Tan, J.D., Ramalingam, B., Chellappan, V., Gupta, N.K., Dillard, L., et al. Generative design and experimental validation of non-fullerene acceptors for photovoltaics. ACS Energy Letters 9 (10), 5240-5250 (2024). | article

About the Researchers

Kedar Hippalgaonkar holds a joint position as a Principal Scientist at IMRE and Associate Professor in the Materials Science and Engineering Department at Nanyang Technological University. His interests lie in the data-driven discovery of new functional materials, utilising AI and robotics for accelerated materials development. He is also a materials physicist focused on fundamental nonequilibrium charge and phonon scattering in solid state, 1D, 2D, and hybrid (inorganic-organic) materials.
Balamurugan Ramalingam obtained his PhD in Bioinorganic Chemistry from Bharathidasan University, India. After completing postdoctoral training in asymmetric catalysis at the University of Basel, Switzerland, he has been working at A*STAR since 2007. He is currently a Senior Scientist at A*STAR ISCE2 and A*STAR IMRE, focusing on flow chemistry, catalysis, green and sustainable chemical processes, high throughput experimentation, and data-driven reaction optimisation.
Jin Da Tan graduated with a bachelor’s degree in Chemistry from the National University of Singapore in 2019 and earned his PhD at A*STAR IMRE under Kedar Hippalgaonkar and Balamurugan Ramalingam.
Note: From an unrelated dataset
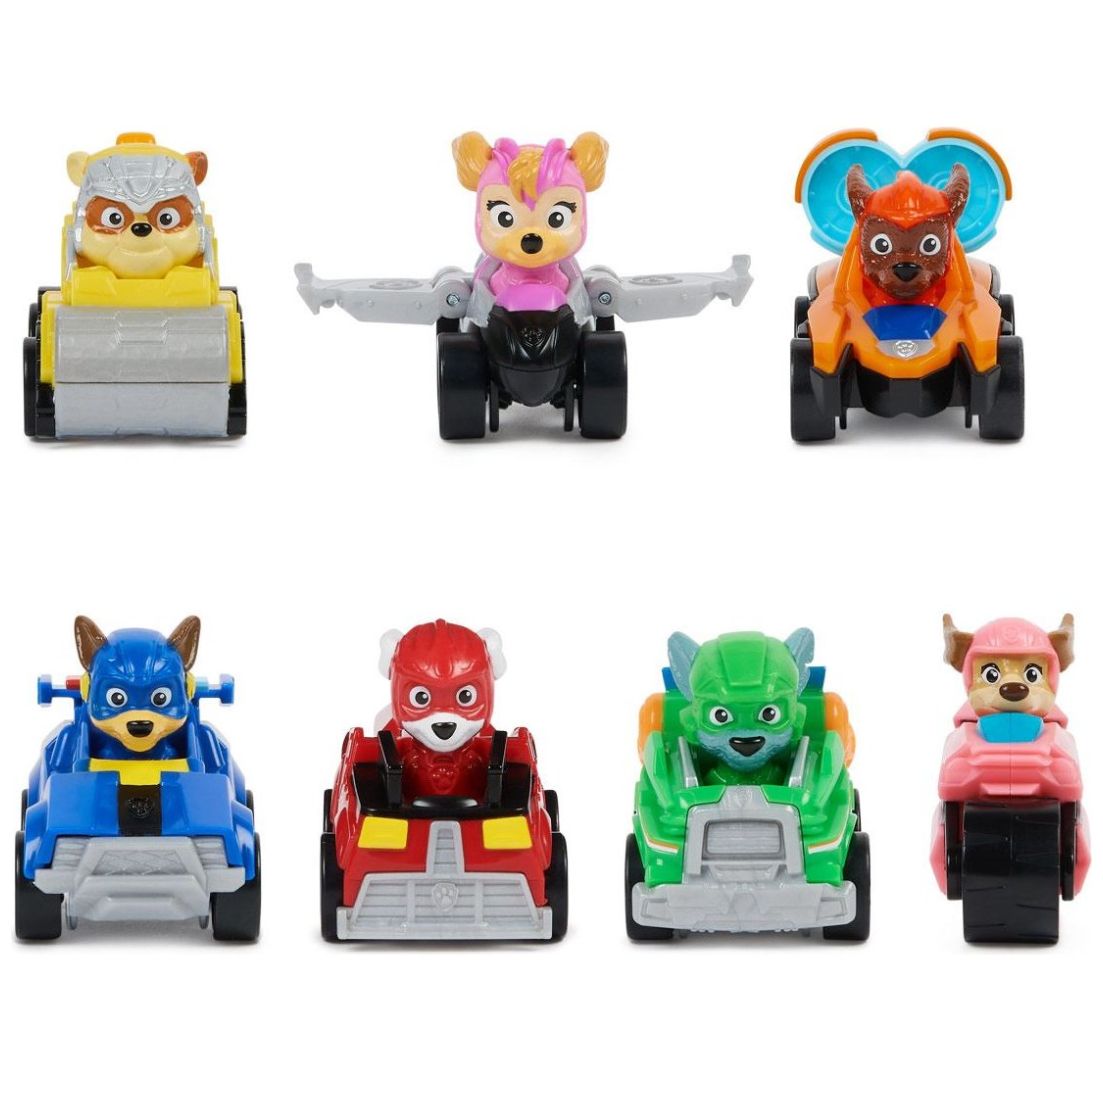 Paw Patrol: The Mighty Movie, Pup Squad Patroller camión de juguete, con  coche de juguete coleccionable Mighty Pups Chase Pup Squad, juguetes para
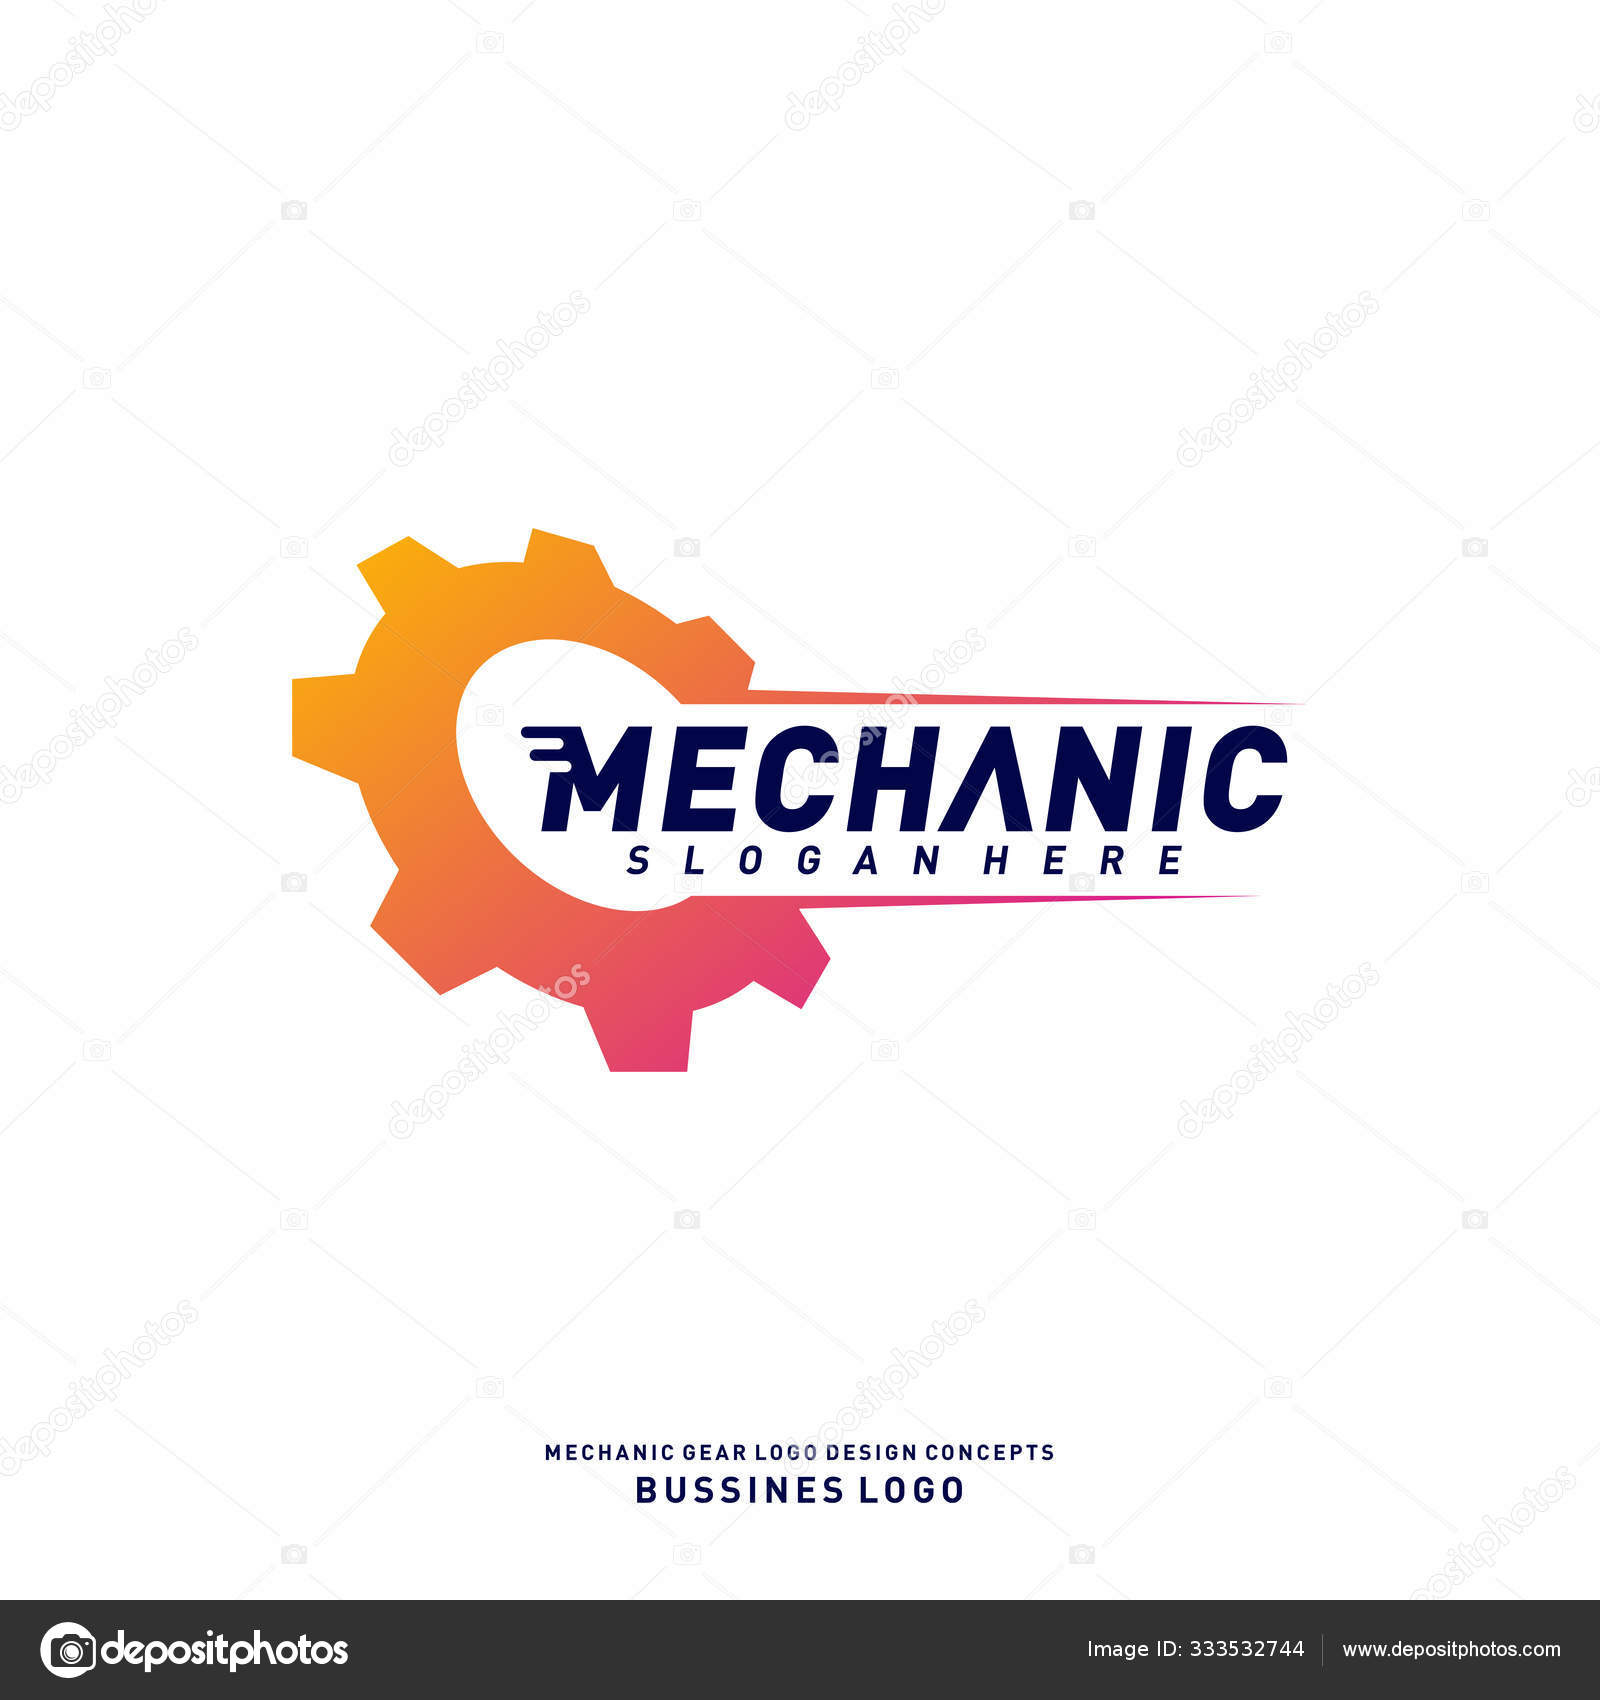 Mechanical Gear Logos

Tan’s research interests include machine learning (ML) and its intersectionality with automation, chemistry and other domains. At A*STAR, Tan’s research explored the application of ML techniques to enhance chemical synthesis, focusing on the prediction and optimisation of experimental outcomes, as well as the generative design of small organic molecules. His key projects included the development of predictive models for entire molecular weight distributions during polystyrene flow reactor synthesis, as well as the exploration and refinement of the diketopyrrolopyrrole molecular core; an approach which enabled the validation and discovery of novel non-fullerene acceptors for organic photovoltaic material design. Transitioning from academia to the finance industry, Tan leveraged his programming, machine learning and problem-solving expertise to tackle complex data-driven challenges, including the building of predictive ML models tailored to the field. Today, he continues to explore innovative applications of artificial intelligence in data analysis and decision-making.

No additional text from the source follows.